Es scheint freilich einen Widerspruch zwischen der Überschrift dieses Beitrags und Oskar Kokoschka zu geben, so wir uns diesen, geboren in Pöchlarn in der Nähe des österreichischen Klosters Melk, als katholisch sozialisierten Menschen denken: Zwar heißt es in dem in protestantischen Kirchen gebeteten Glaubensbekenntnis „hinabgestiegen in das Reich des Todes“ („niedergefahren zur Hölle“). Schlage ich aber den Schott auf, die deutsch-lateinische Volksausgabe des katholischen Missale Romanum, so fehlt dort an gleicher Stelle die Erwähnung der Höllenfahrt, der Reise Christi in die Unterwelt: Nach dem Begräbnis folgt unmittelbar die Auferstehung.
Aber: In Lukas 23,43 spricht der Gekreuzigte zu dem guten Schächer, der später als Dismas im Ruch der Heiligkeit stehen sollte: „Heute noch wirst Du mit mir im Paradiese sein“. Dies kann, und so wurde es verstanden, nichts anderes bedeuten, als dass Christus sein Erlösungsversprechen nach seinem Tod unmittelbar ins Werk setzte. Cornelius a Lapide (1567-1637), ein vielgelesener jesuitischer Autor der katholischen Reform, widmet dieser Überzeugung in seinem Evangelienkommentar einen eigenen Absatz. Christus sei nach seinem Kreuzestod nicht unmittelbar zum Himmel aufgefahren, sondern mit dem gerechten Schächer hinabgestiegen in den Limbus, wo sich auch die Väter des Alten Testaments befanden. So machte der Erlöser aus dem Limbus das Paradies, damit die Untersten zu den Höchsten würden, ja, damit aus dem Inferno der Himmel werde. Denn, so Cornelius weiter, wo Christus sei, dort sei das Paradies, wo Gottesschau und Glückseligkeit sei, dort sei der Himmel. Cornelius kann sich in diesem Zusammenhang einen Seitenhieb auf „die Griechen“, die Calvinisten und „andere Neuerer“ nicht verkneifen: dass nämlich die vollkommen von der Sünde Gereinigten nicht bis zum Jüngsten Tage schlafen, sondern (durch Christi Rettungstat) auf der Stelle Gott schauen und glücklich werden durch eben diese Schau.

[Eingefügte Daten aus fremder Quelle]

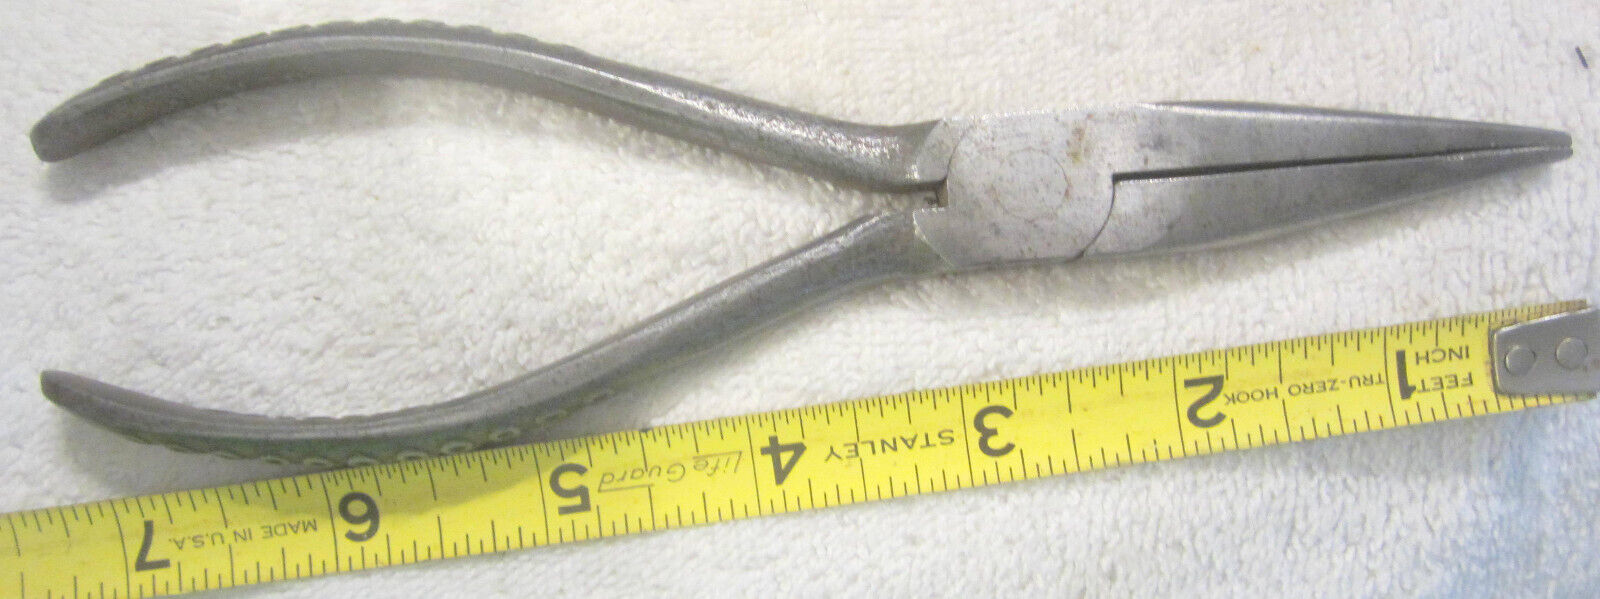 96  Snap-On No. 96 Needle Nose Pliers tool,USA VTG rare

Dies kann erklären, warum, offenkundig unabhängig vom Wortlaut des Glaubensbekenntnisses, in der katholisch geprägten Ikonographie über die Jahrhunderte hinweg das Thema vom Erlöser, der triumphierend die Gerechten aus dem Limbus befreit, eine größere Rolle spielt als in der protestantischen Bilderwelt; so zum Beispiel noch in einem Deckenfresko aus dem 18. Jahrhundert, das Cosmas Damian Asam für die Klosterkirche in Aldersbach schuf. Kokoschka also dürfen wir uns vorstellen als Künstler und Menschen, der sich selbst vielleicht gar nicht mehr als besonders fromm verstand, der aber doch immer noch intensiv einem spezifisch katholischen Bilderbe verhaftet blieb.